Evaluation globale du régime fiscal forestier

Efficacité du régime fiscal forestier

Un certain nombre d’indicateurs permettent de juger l’efficacité du régime fiscal forestier actuel :

les recettes engendrées par les services de la douane en ce qui concerne l’importation et l’exportation des produits bois – ces recettes sont évaluées à plus de 1,2 milliards en 1999 (voir Tableau 18 et Tableau 19) ;

les investissements effectués sur les forêts en aménagement à partir des fonds d’aménagement générés par les taxes sur le transport et la commercialisation du bois au niveau des marchés ruraux – cette contribution est de l’ordre de 55 millions de FCFA en moyenne par an (voir Tableau 16, Tableau 17 et Tableau 25) et va augmenter avec la mise en place de nouveaux marchés ruraux de bois ;

les revenus et le chiffre d’affaire des structures locales de gestions dans le cadre de leur activité de vente de bois dans les marchés ruraux de bois – ce revenu cumulé est présentement de l’ordre de un (1) milliard de FCFA (voir Tableau 15) et cela est un moyen efficace de lutte contre la pauvreté ;

la contribution du secteur forestier sur le PIB national qui était de 4 % en 1990 est entrain d’augmentée et l’objectif pour l’année 2004 est de rehausser cette contribution à 8 % ;

les efforts de l’Etat dans le cadre des investissements vers des secteurs plus prometteurs comme celui des productions forestières utiles (gommiers, arbre nourricier et alimentaire etc.) - cet effort est passé de 1 million de FCFA en 1991 à 1,4 milliard de FCFA en 2001 (voir Tableau 21) ;

la volonté manifeste des communautés à la base de prendre en charge la gestion et l’exploitation de leurs propres formations forestières et la volonté de l’Etat à persévérer dans la décentralisation de la gestion des ressources forestières ;

l’intérêt accordé au secteur par de nouveaux financements des bailleurs de fonds ; et

la tendance de la population à plus valoriser l’arbre sur pied.
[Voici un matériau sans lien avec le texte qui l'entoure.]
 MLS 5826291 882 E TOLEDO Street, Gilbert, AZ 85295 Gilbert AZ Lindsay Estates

Aussi dans le cadre de la mise en œuvre de la nouvelle politique forestière, il est envisagé l’augmentation progressive de la taxe sur les exploitations de forme incontrôlée. Ce qui, de surcroît, contribuera à l’augmentation des recettes de l’Etat.

 

 

Efficacité du contrôle

Il apparaît clairement que le régime fiscal est confronté par une « fraude légale » qui a des répercussion non seulement sur le niveau des recettes mais aussi sur l’appréciation de l’efficacité du contrôle. Celui-ci est pénalisé par certaines insuffisances à tous les niveaux dont entre autres :

le manque de moyens de fonctionnement des services des Eaux et Forêts ;

le salaire très faible des agents de contrôle ;

la mauvaise interprétation des textes par certains agents ; et

le non respect des règles par certaines catégories de population : violation des règles par les militaires, surcharge de certains types de véhicules, etc.
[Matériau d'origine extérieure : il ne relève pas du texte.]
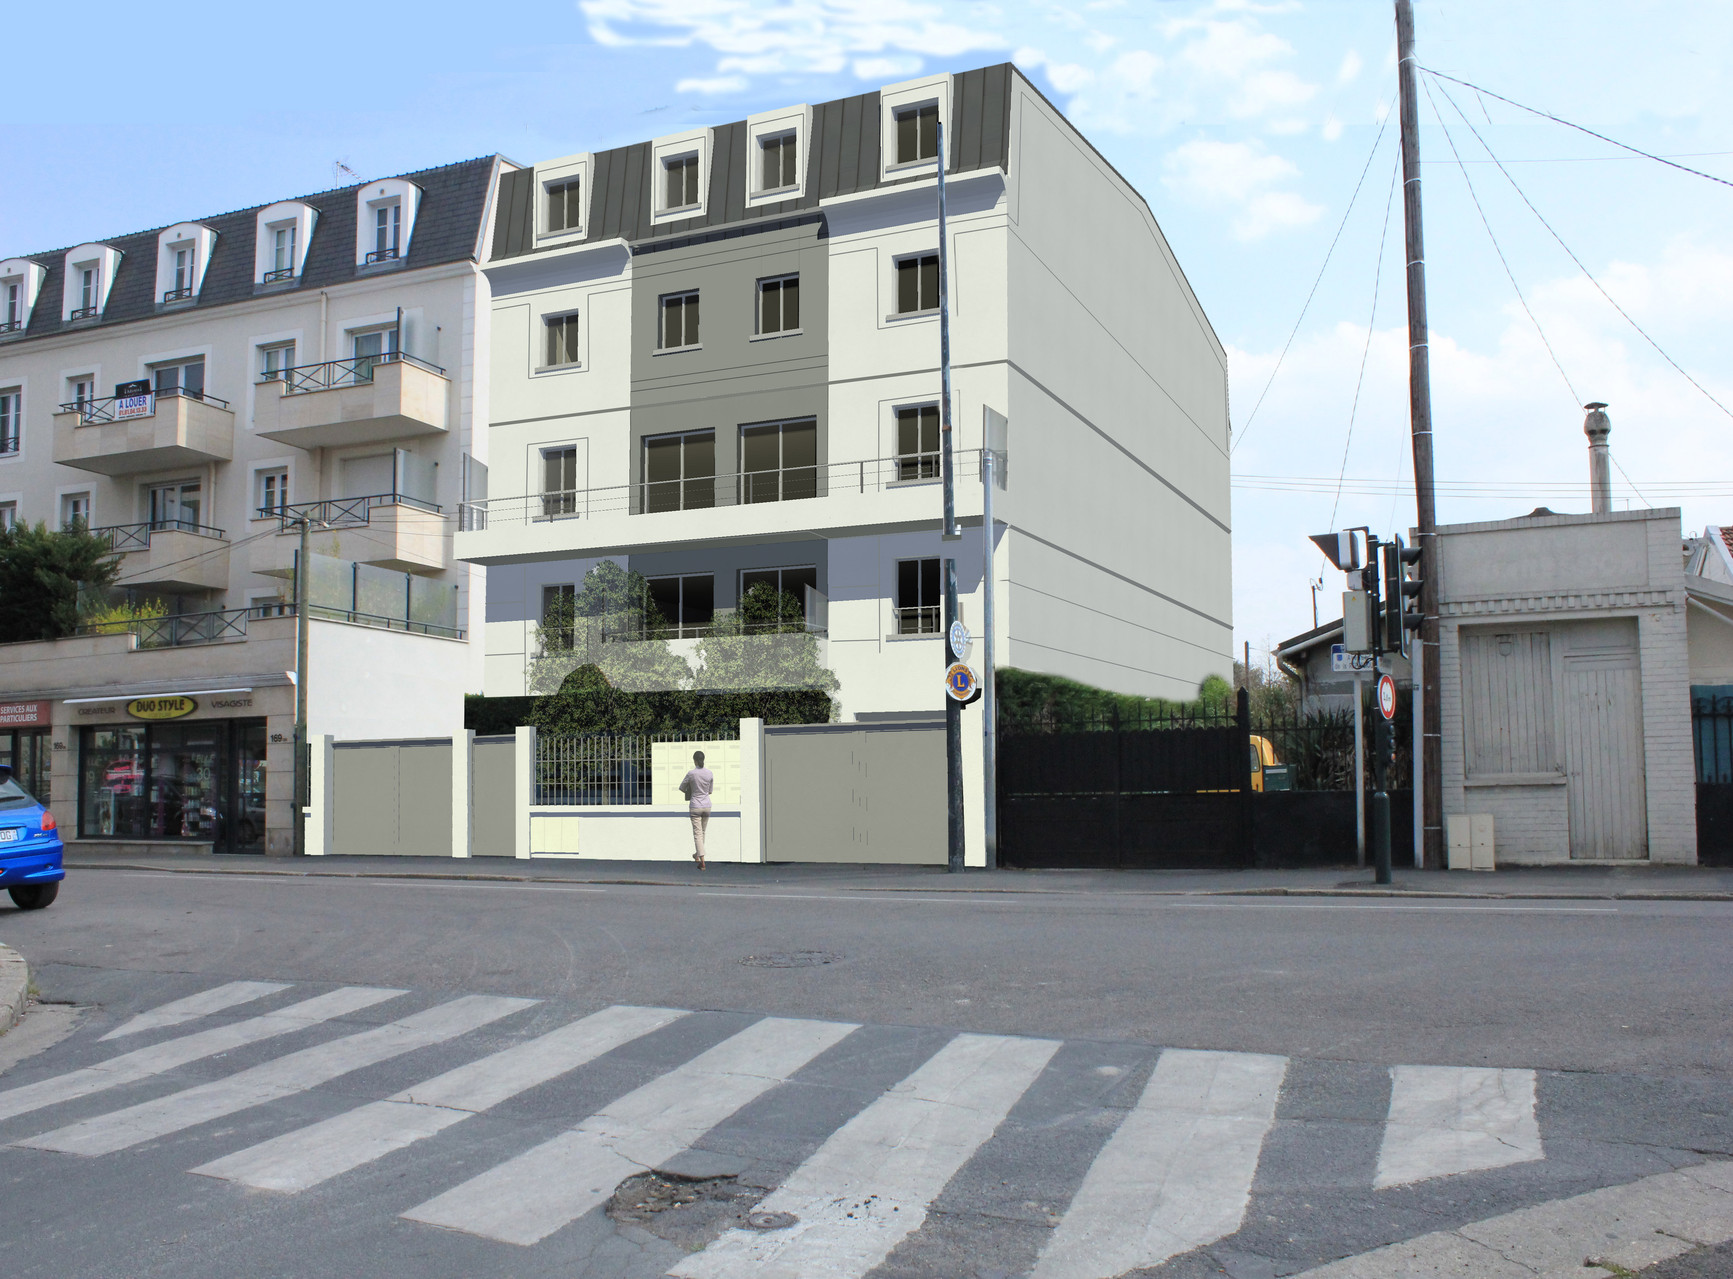 Immeuble de logements collectifs à Sartrouville (78)

Le taux de contrôle qui était de 11 % de 1985 à 1990. Il est seulement de 30 % à nos jours. A titre d’exemple, on peut estimer à environ 20% l’écart entre le volume taxé et le volume réellement transporté. Les textes actuels lient les mains des agents chargés du contrôle et conduisent souvent à cette situation défavorable malgré la mise en place des moyens de communication efficaces tels que les talkies-walkies qui permettent d’améliorer les opérations de contrôle et de répression des contrevenants.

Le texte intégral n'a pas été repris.